Cato’s was the last word on Franklin in fiction for nearly a decade, until Caroline Tapley’s 1974 young adult novel John Came Down the Backstay. Just as would John Wilson’s YA novelAcross Frozen Seas twenty years later, Tapley focused on one of the cabin “boys” aboard the Erebus and Terror, and the natural fears such a lad would have on embarking on such a perilous voyage. The perspective of a young person makes for compelling storytelling, and yet is not quite consistent with the facts, since all four of the “boys” entered into the muster rolls for Franklin’s ships were at least twenty-one years of age upon sailing.

Perhaps the most daring, resonant, and influential of all Franklin fictions, Sten Nadolny’s Die Entdeckung der Langsamkeit, appeared in German in 1983. Under the title “The Discovery of Slowness,” a brilliant English translation by Ralph Freedman appeared in 1987, and for the first time British and American readers could experience a book which, among other things, launched a televsion series, an opera, and a business philosophy whose seminars dominated the executive suites of German corporations throughout the 1980’s. The keu concept here was “langsamkeit” – slowness – a word whose previous associations had been with mental retardation. Nadolny imagines Franklin as a “slow” child, but sees this not as an impairment but a brilliant gift. The same boy who stood by the schoolhouse wall, unable to catch a thrown ball because he always reached for it after he arrived, found his perfect career in the ice, in a region of the world where being “slow” was just what was called for. Nadolny's novel is notable for the way it combines the carefully-researched actual life of Franklin with the strange conceit of Franklin's "slowness" in such a way that, fanciful though it is, one at times feels as though one is reading his true life story -- or even a truer one.
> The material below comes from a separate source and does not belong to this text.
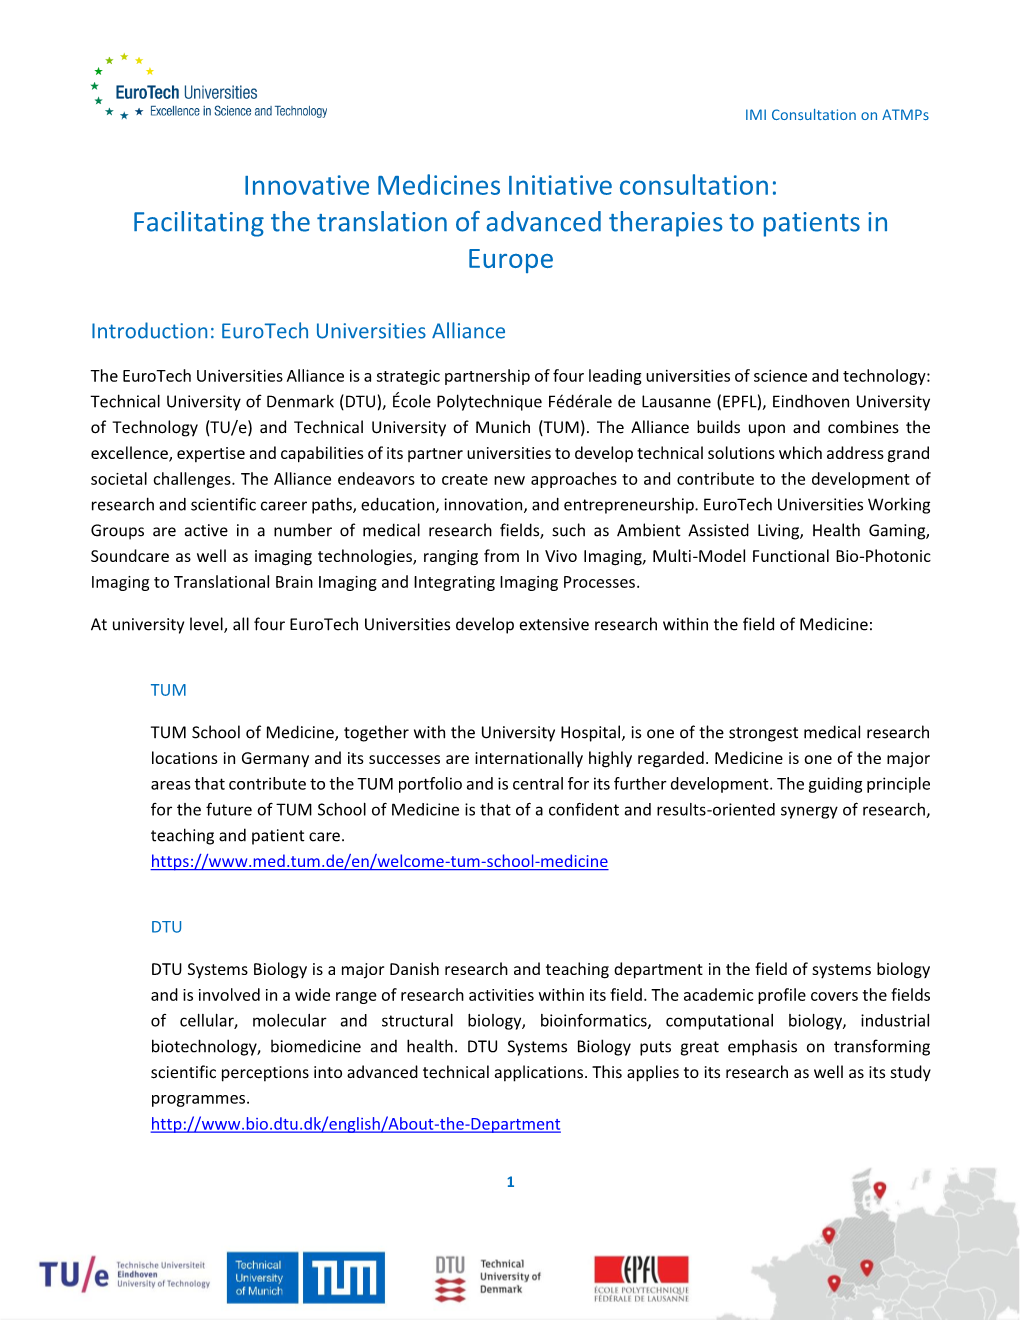 Innovative Medicines Initiative Consultation: Facilitating the Translation of Advanced Therapies to Patients in Europe
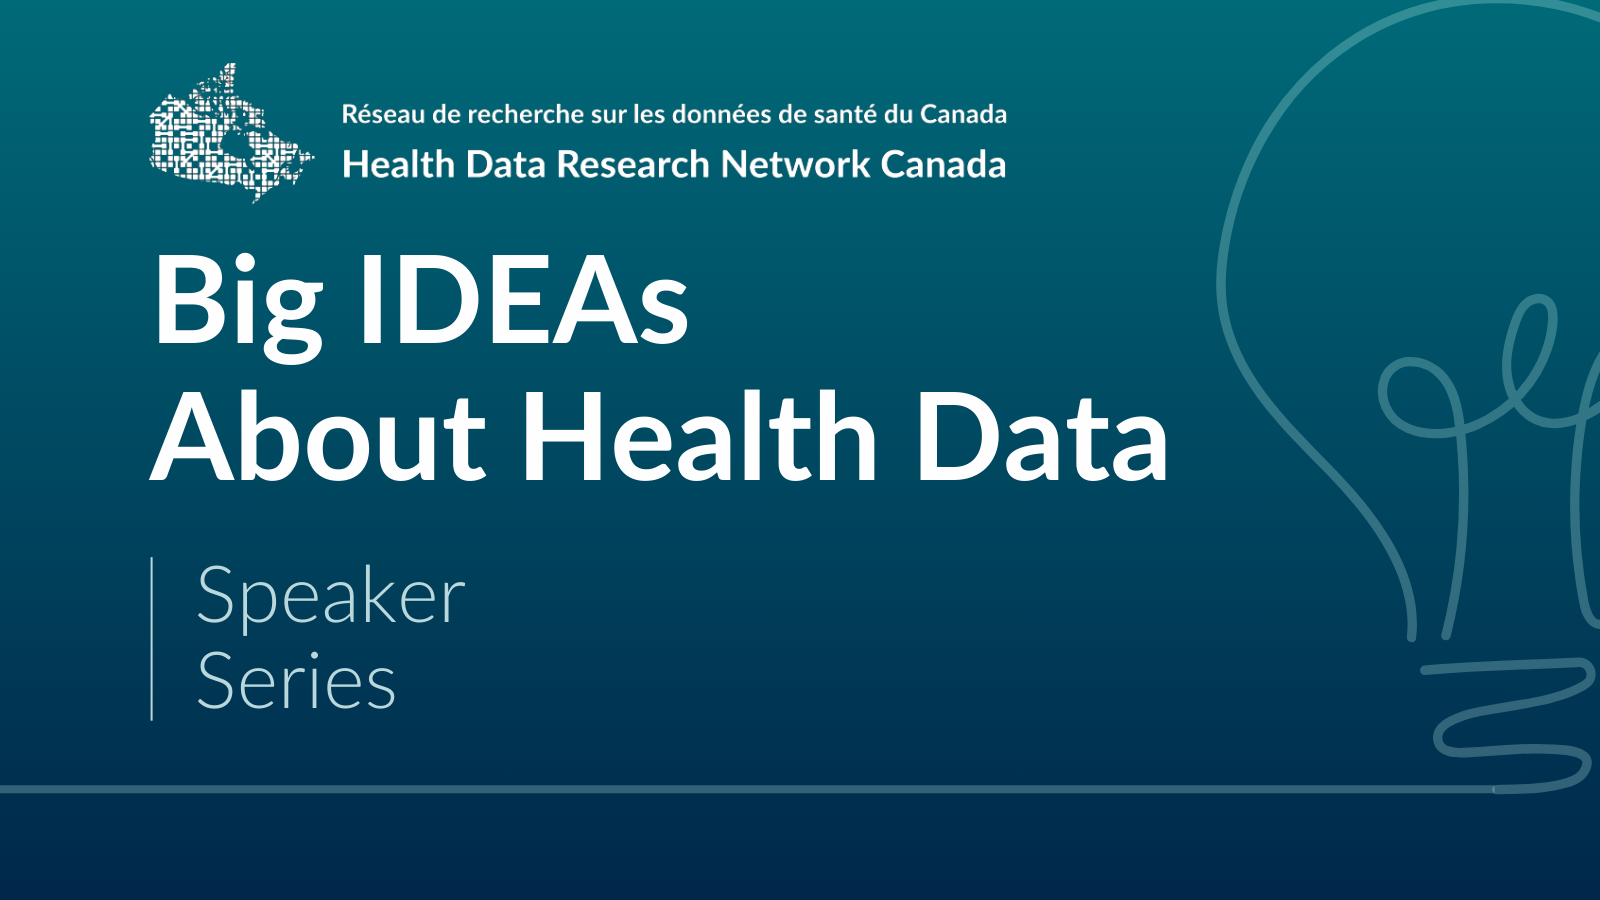 No significant visuals. White text on a dark green background reads: Big Ideas about health data webinar series. The logo for Health Data Research Network Canada ais at top left.

A lively sense of humor and historical irony were melded in the next Franklin-flavored yarn, Canadian author Mordecai Richler’s sprawling and inventive Solomon Gursky Was Here(1990). In Richler’s playful animadversion on all that has come before, one of the frozen bodies of Franklin’s men excavated by archaeologists turns out to have been given an Orthodox Jewish burial. In the ensuing ruckus, the arrival by sledge of a mysterious man named “Toolooah” (a westernized spelling of the name given Franklin by the Inuit) in the outlands of northern Ontario passes almost without notice – until someone realizes who he might actually be. Although both characters eventually are absorbed within the crazy quilt of the Gursky family, the Franklin connection brings a distinctively Canadian twist to the tale; Richler admitted having been inspired in part by the exhumations of the graves on Beechey Island by Owen Beattie.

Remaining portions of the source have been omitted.